O MMº juiz julgou a ação procedente baseando-se em duas linhas argumentativas: (i) o n.º 3 do artigo 64º da LGT impede a realização de mais do que uma inspeção externa ao mesmo sujeito passivo e período de tributação, salvo decisão fundamentada com base em factos novos, que não foi proferida. (ii) Mesmo que se entenda que as ações inspetivas de informação são meras ações preparatórias, no caso dos autos tal não acontece, pois na elaboração do relatório final foram utilizados elementos recolhidos ao abrigo da DI200600.... que durou cerca de 7 meses, sem qualquer despacho de prorrogação.

A AT defende que a sentença errou no julgamento da matéria de facto ao dar como provado que o procedimento inspetivo a coberto da OI 200701… terminou em 16/8/2007, quando o mesmo efetivamente foi concluído em 15/10/2007 (Conclusão A).

E não há elementos probatórios suficientes para concluir que a Impugnante suportou quatro procedimentos de fiscalização externa ao mesmo exercício (B);

Acrescenta que as três ações destinadas a consulta, recolha ou cruzamento de elementos tiveram âmbito, extensão, duração e funcionários credenciados diferentes sem qualquer identidade entre elas. Identidade que também não existe com o procedimento de confirmação. Além disso, a as leis tributárias legitimam que o mesmo sujeito passivo seja sujeito a vários procedimentos de consulta e recolha de informação, referentes ao mesmo período de tributação. O procedimento de confirmação teve duração inferior a seis meses, pelo que não ocorre violação do prazo geral estipulado no art.º 36º/2 RCPIT (C a N).

Mas ainda que se verificasse uma violação ao princípio da irrepetibilidade dos procedimentos de inspeção, ou ao prazo geral de duração da ação inspectiva, a sentença não especifica qual a concreta norma jurídica que dita a anulação ao acto tributário (O a Q).

Enunciadas as principais questões que nos são submetidas, passemos agora à sua análise.
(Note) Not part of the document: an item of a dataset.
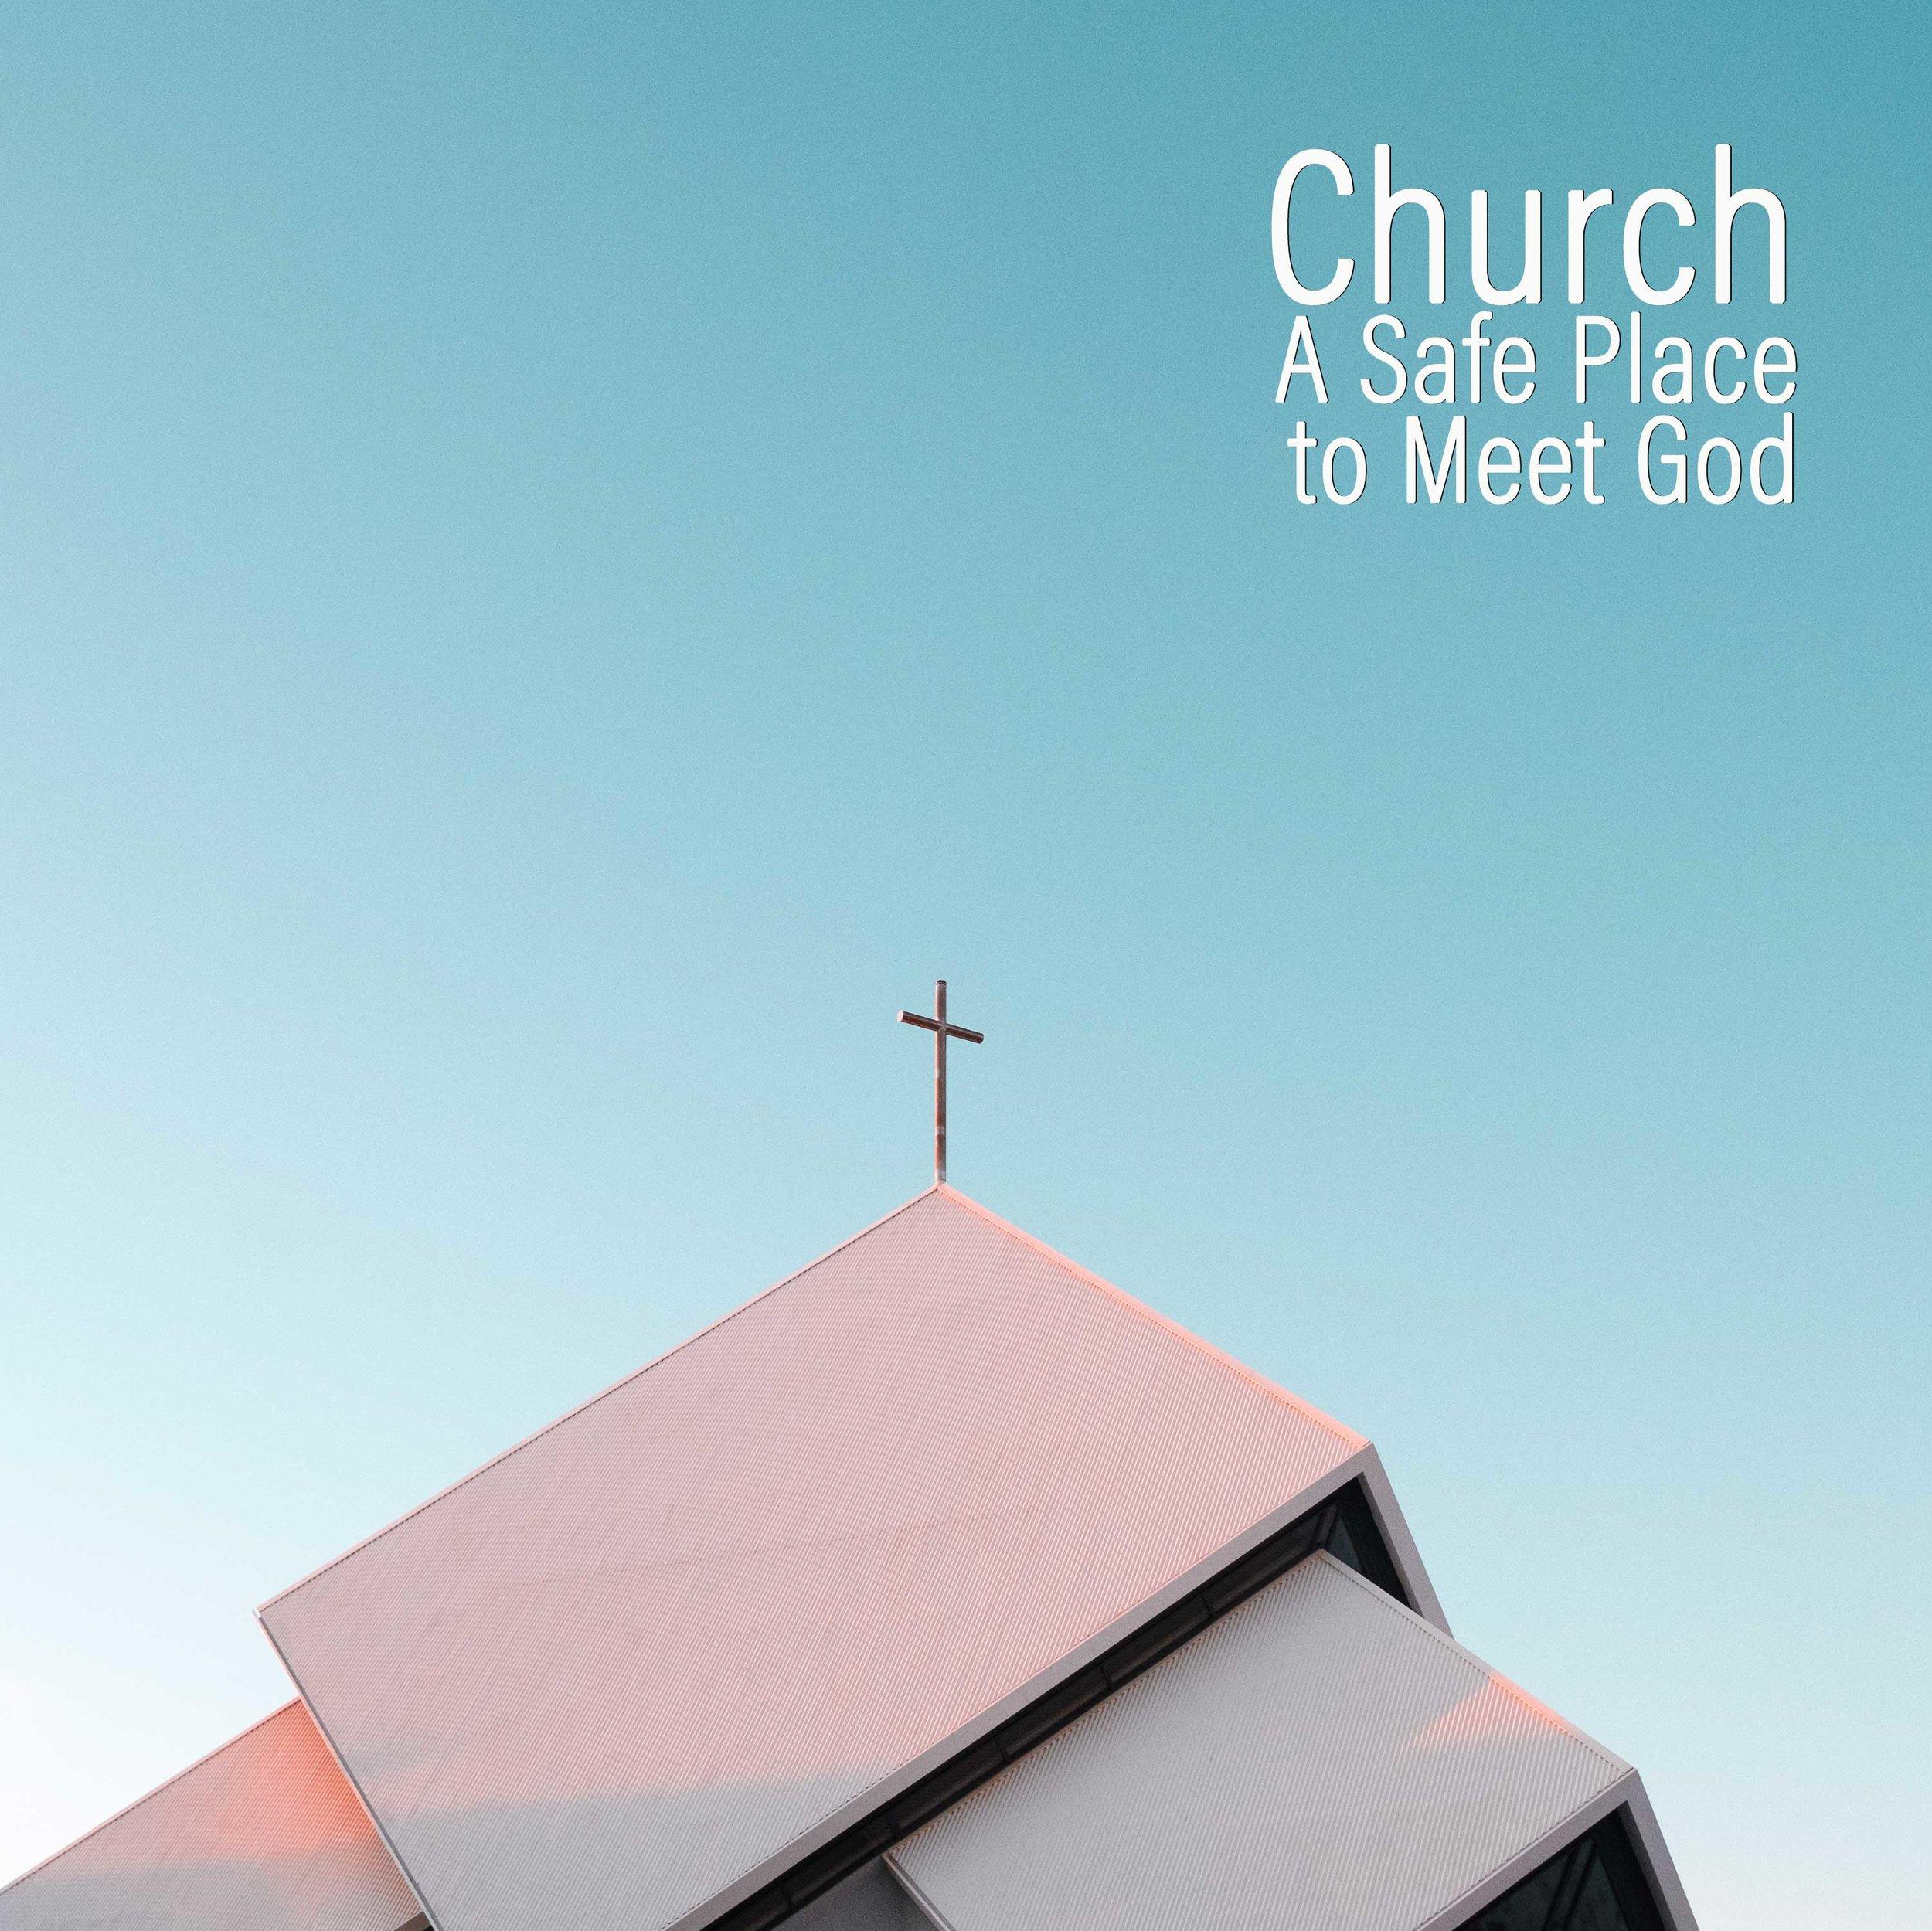 akira-hojo-502567-unsplash church safe place 1x1 - v2.jpg

Registe-se que a questão alegada na conclusão A) foi objecto de correção, o que permite considerar estabilizada a matéria de facto.
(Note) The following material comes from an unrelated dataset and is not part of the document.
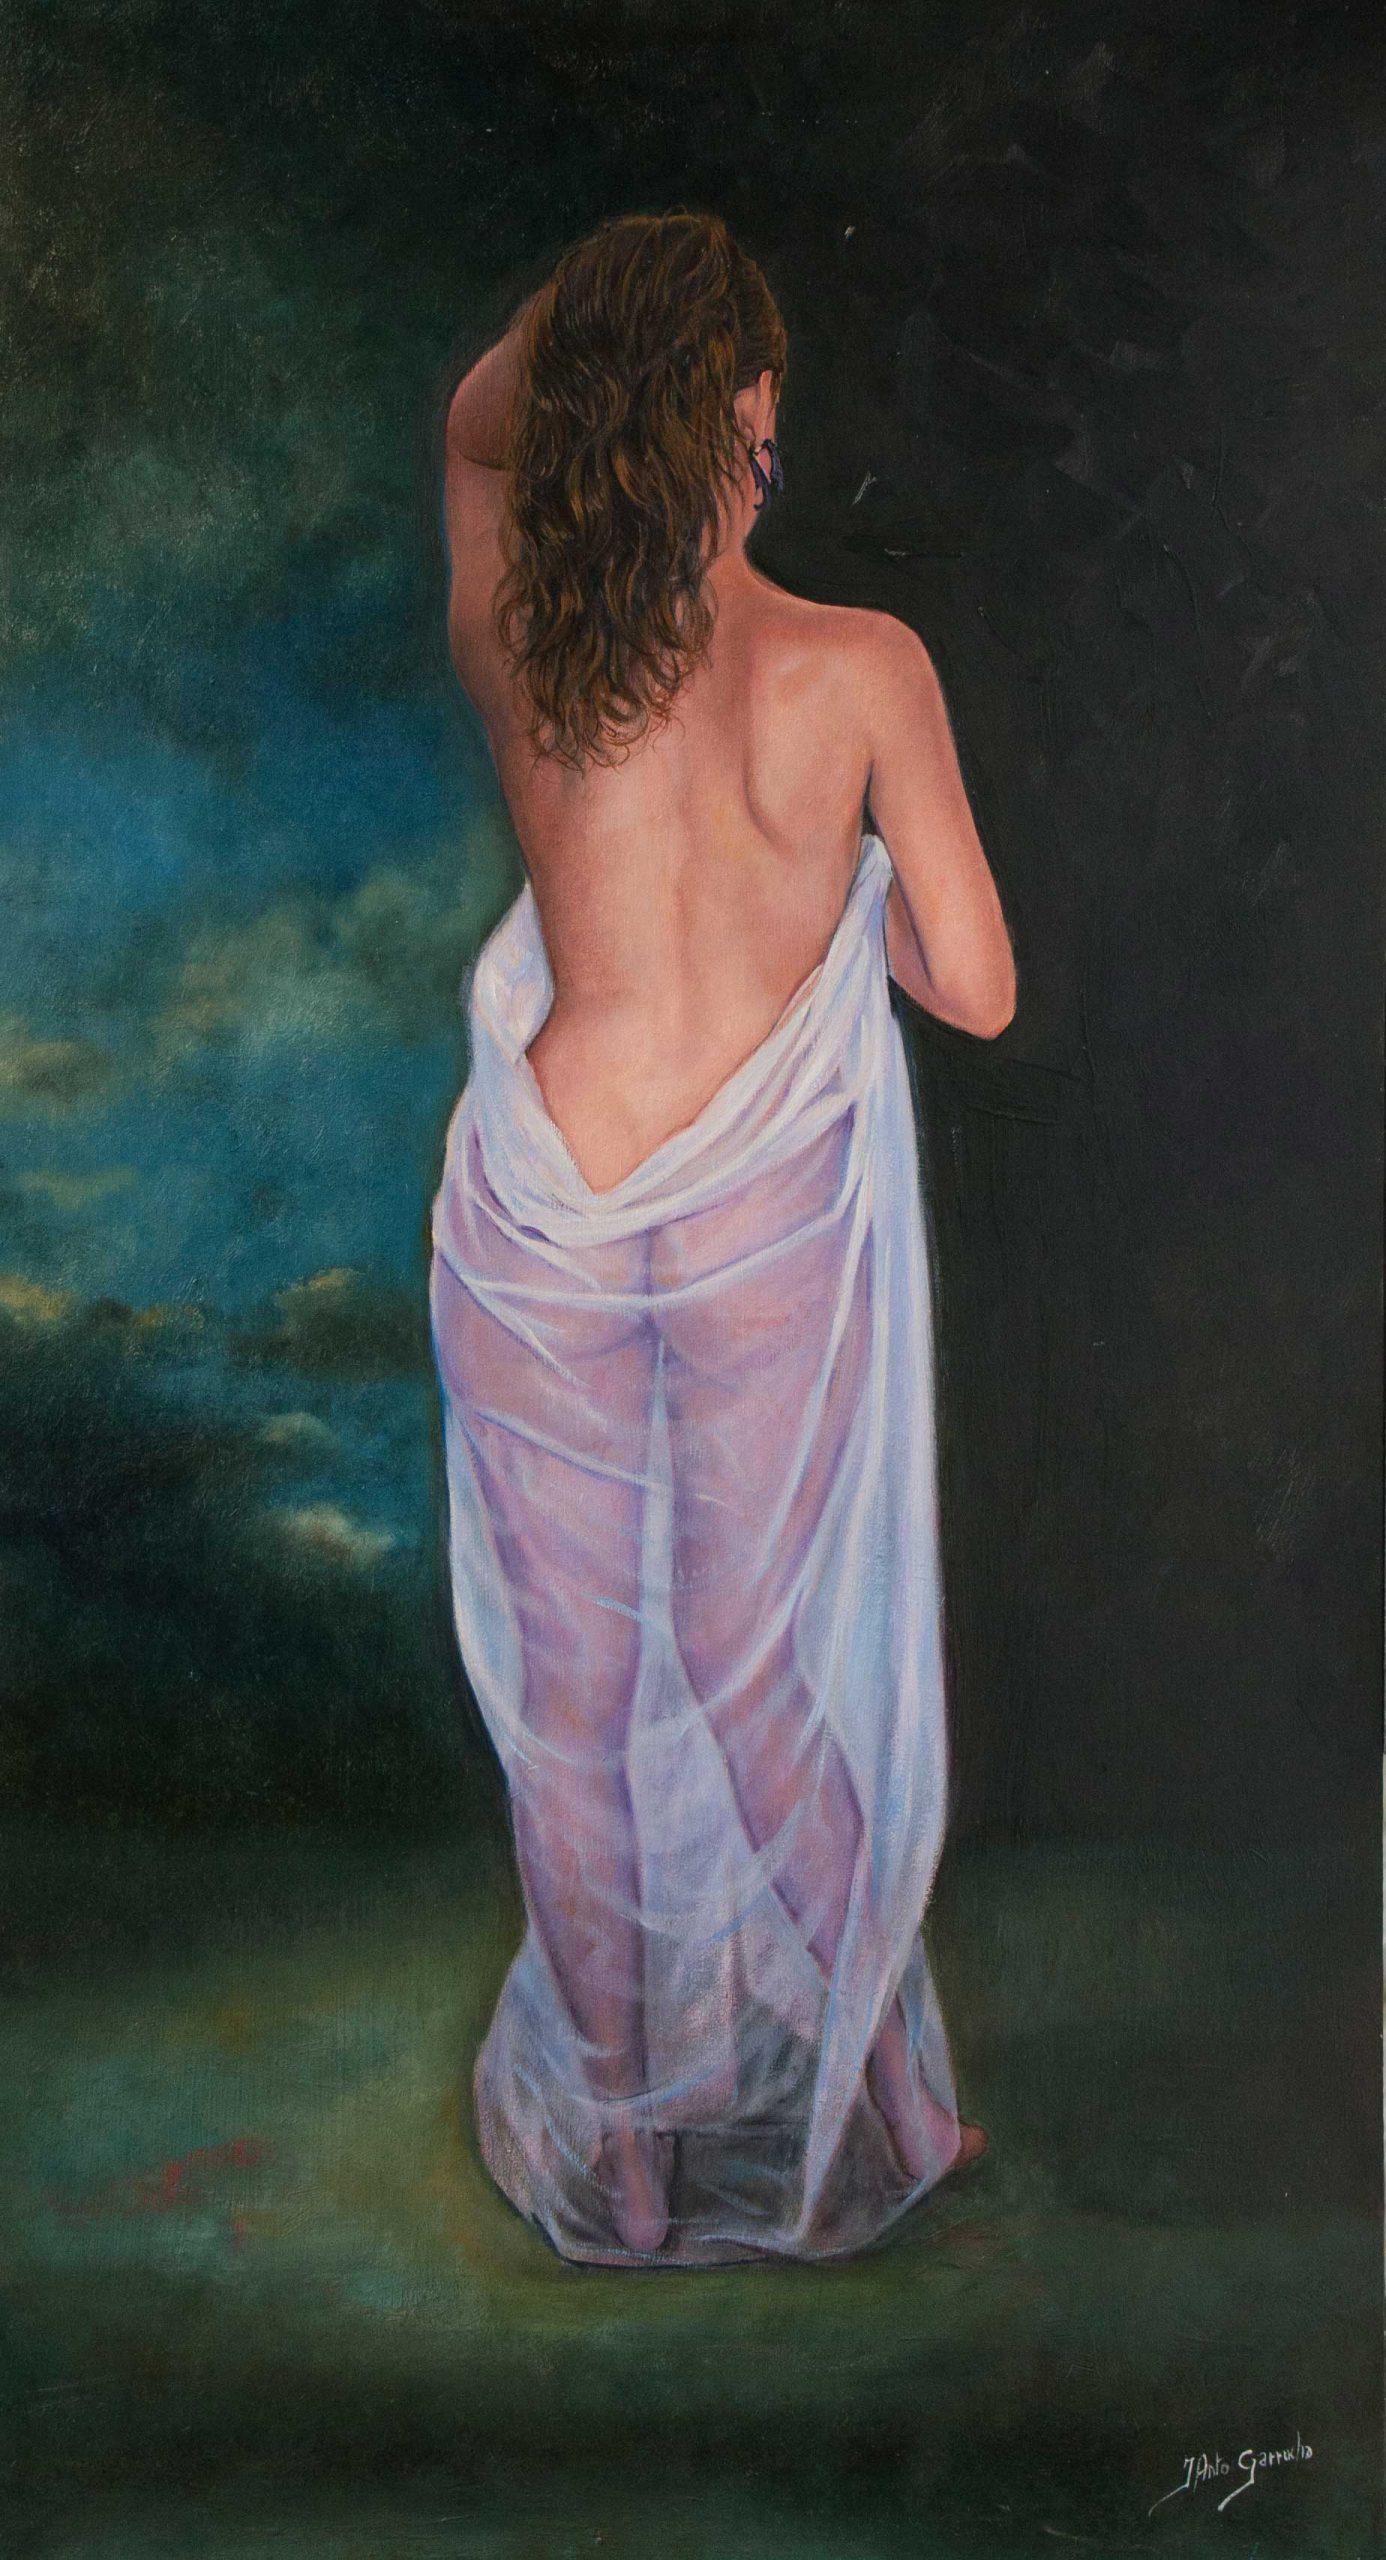 Desnudo con tul blanco

O procedimento de inspeção classifica-se, quanto aos fins, em (i) procedimento de comprovação e verificação, visando a confirmação do cumprimento das obrigações fiscais dos sujeito passivos, e (ii) procedimento de informação, visando o cumprimento dos deveres legais de informação ou de parecer dos quais a inspeção tributária seja legalmente incumbida (art.º 12º RCPIT).

No primeiro, caso estamos perante um procedimento de comprovação e verificação e no segundo estamos perante um procedimento de informação, necessariamente de âmbito parcial ou univalente como se retira do art.º 14º/1-b) RCPIT.
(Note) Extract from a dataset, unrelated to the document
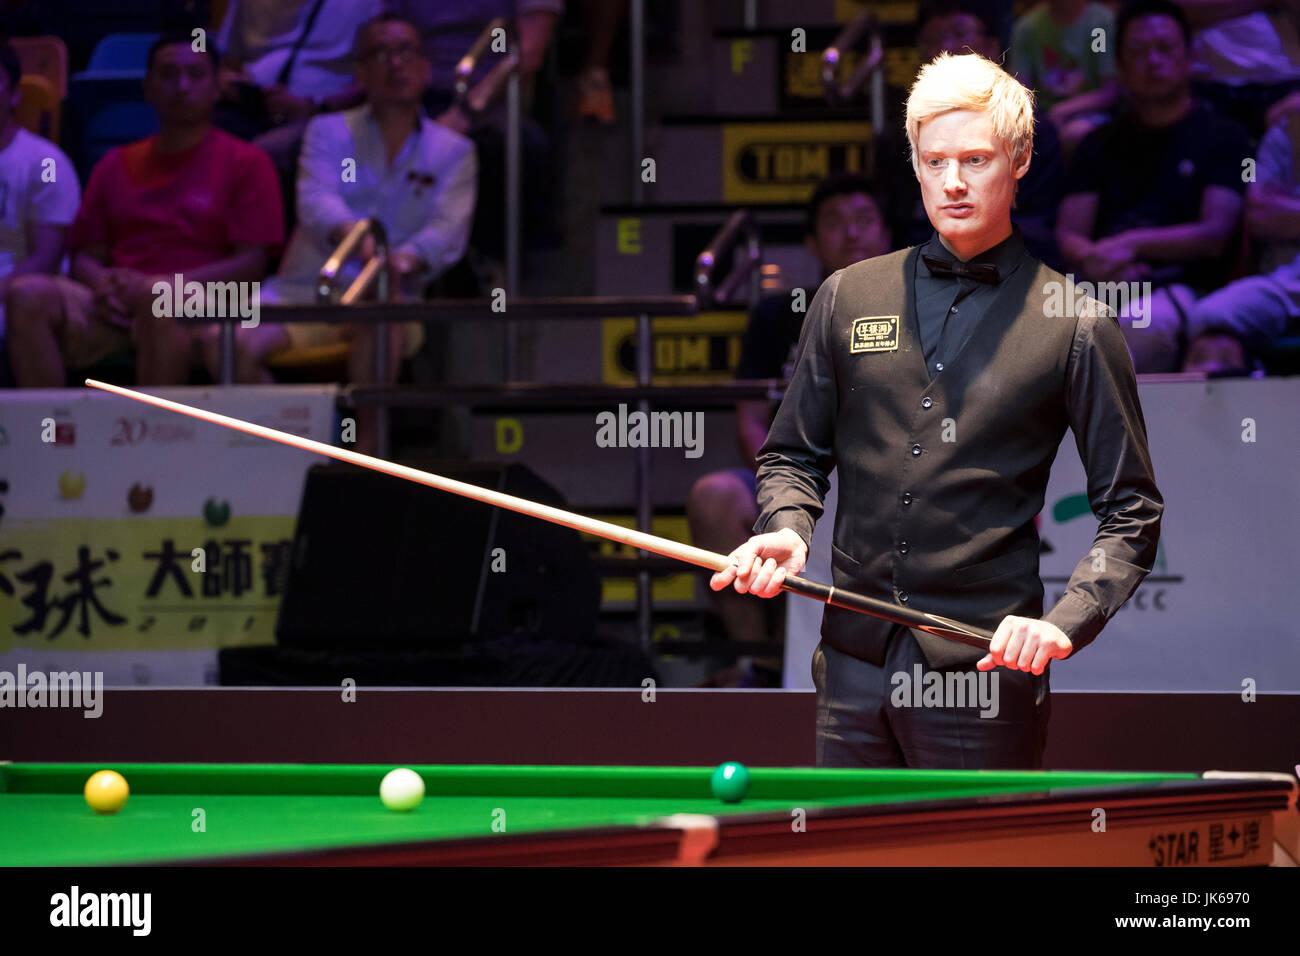 Hong Kong, Hong Kong. 22nd July 2017. Neil Robertson of Australia reacts during the semi-final match against Marco - Stock Image

A escolha de um ou outro procedimento inspetivo compete à AT de acordo com critérios de oportunidade e conveniência por si definidos gozando para tal de uma razoável margem de discricionariedade, desde que observe os limites previstos na legislação tributária.

Assim, numa situação em que os actos materialmente praticados revelem a existência de um procedimento distinto daquele que foi formalmente indicado pela Administração, sem que tenha havido despacho a alterar os fins e o âmbito (cfr. art. 15º RCPIT) deve ter como consequência a invalidade da liquidação daí resultante[1].

Foi com base nestas premissas legais que o MMº juiz "a quo" julgou procedente a impugnação.

Considerou que as ações de inspeção relativas ao mesmo sujeito e ano de imposto não são repetíveis, quer sejam relativas a procedimentos de informação, quer respeitem a procedimentos de comprovação. E ainda que se considerasse que os procedimentos de informação são preparatórios do procedimento de comprovação, no caso dos autos o procedimento de informação foi utilizado na realização do procedimento de comprovação.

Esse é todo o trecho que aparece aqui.